ネフローゼ症候群に対する根本治療でよく使われる薬はステロイドです。最初に大量のステロイドを用い、徐々に時間をかけて減量していきます。1~2年で完全に中止できることもあれば、少量を一生飲み続けるということもあります。というのも、ネフローゼ症候群は再発することがあるからです。
ステロイドだけで効果が乏しい場合は、免疫抑制剤を追加することもあります。
対処療法としては、浮腫に対して利尿薬を用いたり、脂質異常症に対してコレステロールを下げる薬を用いたりします。漢方薬を用いることもあります。
食事も重要となります。
特に減塩が重要で、塩分を1日6g未満におさえることを目標とします。減塩できればむくみにくくなります。
タンパク質は摂取しすぎると尿蛋白が増えて良くないのですが、控えすぎると栄養障害となることもあるので1日あたり0.8g/体重kg(体重50kgの方では1日あたりのタンパク質40g)が推奨されています。微小変化型ネフローゼ症候群では1.0g/体重kgとされています。

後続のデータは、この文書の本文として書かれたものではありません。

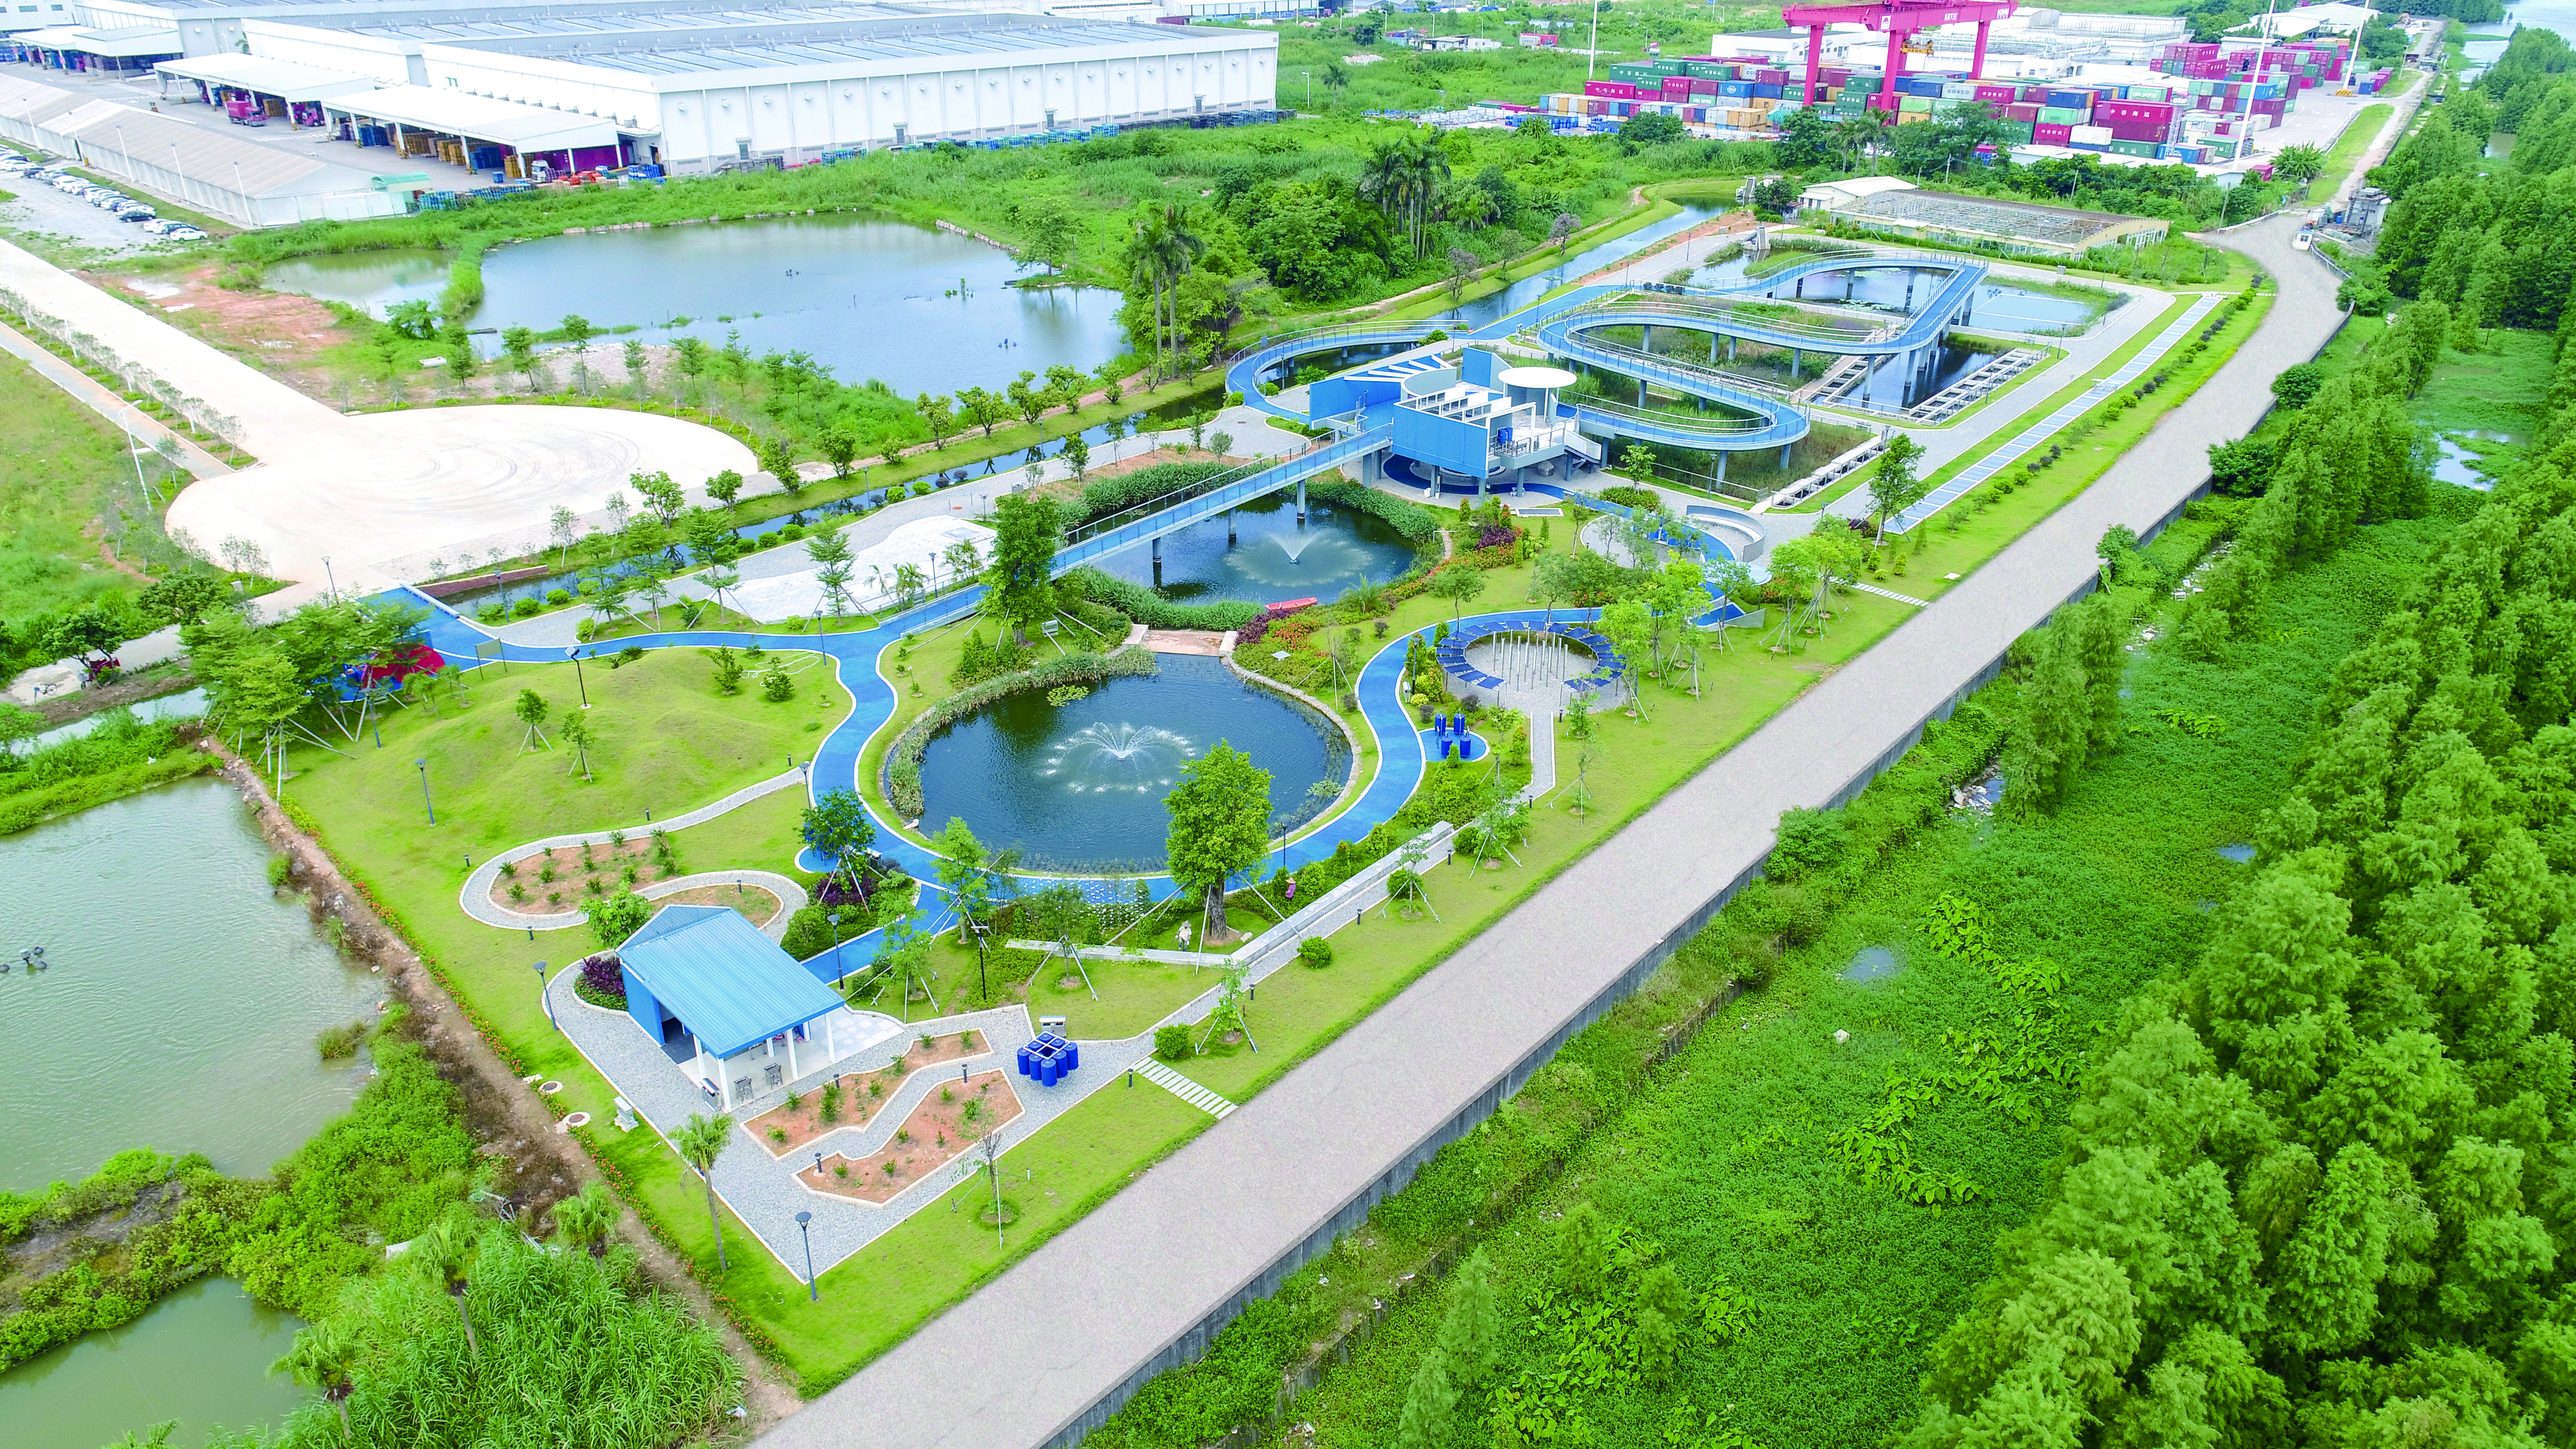 Opening of Man-made Wetland Park in Xinhui Production Base

以前はネフローゼ症候群では安静にするように言われていたこともありますが、現在では安静は推奨されていません。むしろ体を動かした方がいい面も多いとされています。
まとめ
いかがでしたでしょうか。
今回は浮腫と、それを引き起こす病気としてのネフローゼ症候群を取り上げました。
・浮腫とは皮下組織に余分な水がたまっている状態をいう。
・浮腫を引き起こす腎臓の病気としてネフローゼ症候群がある。
・ネフローゼ症候群の原因として一次性と二次性がある。
・ネフローゼ症候群の治療はステロイドを中心とした根本治療と、利尿薬などの対処療法がある。
・減塩が非常に重要。
以上です。
最後までお読みいただきありがとうございました。